The distances on totally geodesic submanifold and manifold.

Question

There is a conlusion that the distances on a totally geodesic submanifold $M^{n} \subseteq N^{n+p}$ are the same with the distances on $N^{n+p}$(if we need we can add completeness). But I do not know how to prove it(Seems to be obvious)? Is there any proof or references about the question?

Answer 1

As I mentioned in a comment above, this is not true as stated.

Perhaps the simplest counterexample is the following. Let $N = S^1\times S^1$ be a flat torus, with each circle factor of total length $1$. Envisioning this as square with sides identified, it is easy to see that it has diameter $\frac{\sqrt{2}}{2}$.

Now, for $k\in \mathbb{Z}$, consider the geodesic $\gamma_k:[0,1]\rightarrow N$ with $\gamma_k(t) = (t, kt)$. Then $\|\gamma'(t)\| = \sqrt{1+k^2}$. By inspecting the first coordinate, it is clear that $\gamma_k$ is injective, except that $\gamma_k(0) = \gamma_k(1)$. In particular, the length of $\gamma_k$ is $\sqrt{1+k^2}$.

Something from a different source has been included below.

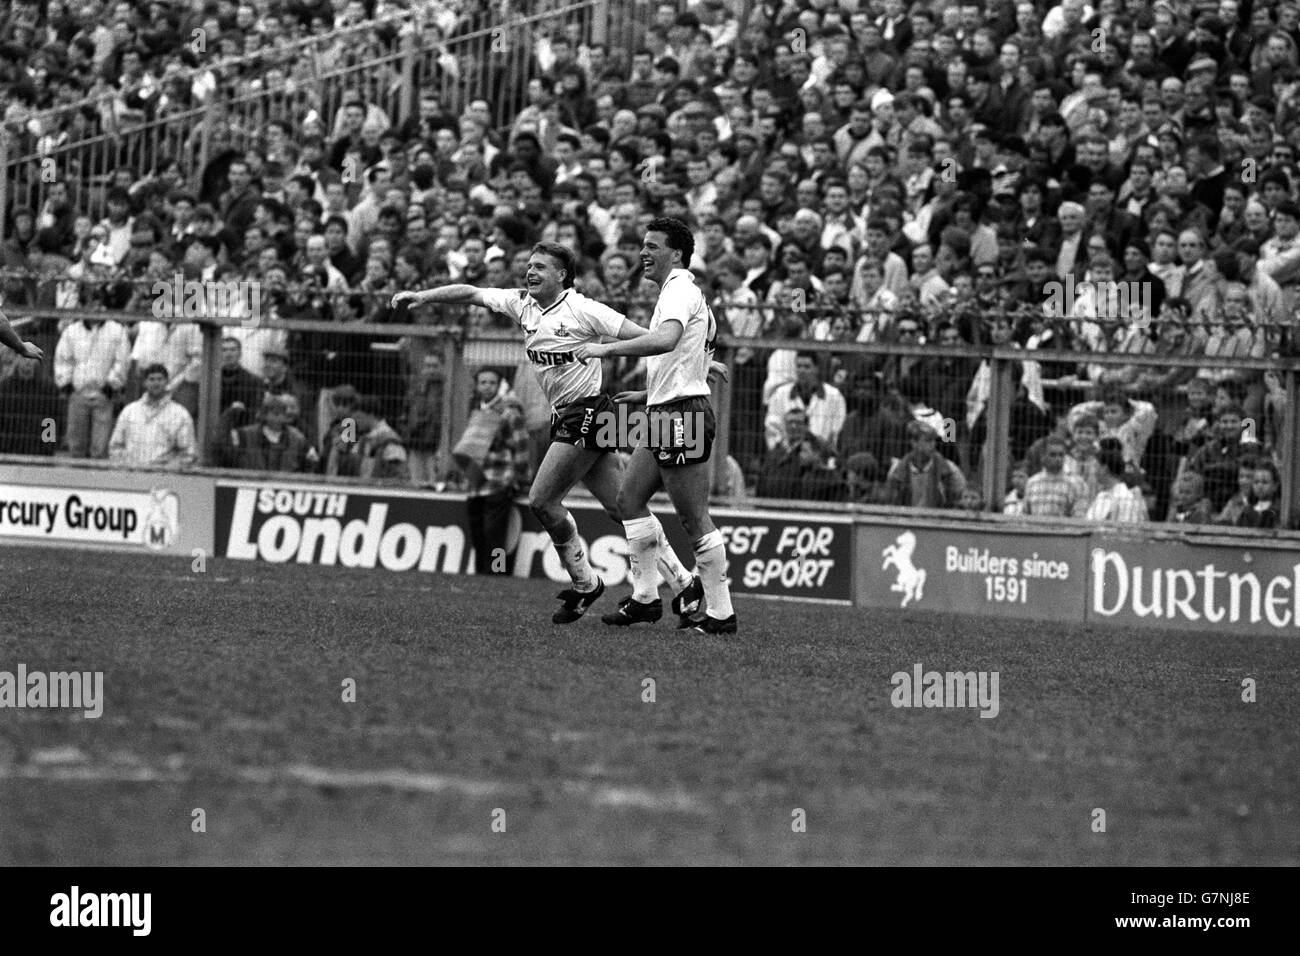 Jubilation pour le buteur Paul Stewart (r) de Tottenham Hotspur et son coéquipier Paul Gascoigne à la Den, après que Stewart ait marqué le second but de Spurs.Les Londoniens du Nord battent Millwall 5-0. Banque D'Images

Take $N$ to be the image of $\gamma_k$, which is a totally geodesic submanifold of $M$. From the calcuation in the previous paragraph, we see that $d_N(\gamma_k(0),\gamma_k(1/2)) = \frac{\sqrt{1+k^2}}{2}$. For $|k| > 2$, it now follows that $d_N(\gamma_k(0),\gamma_k(1/2)) > d_M(\gamma_k(0), \gamma_k(1/2)).$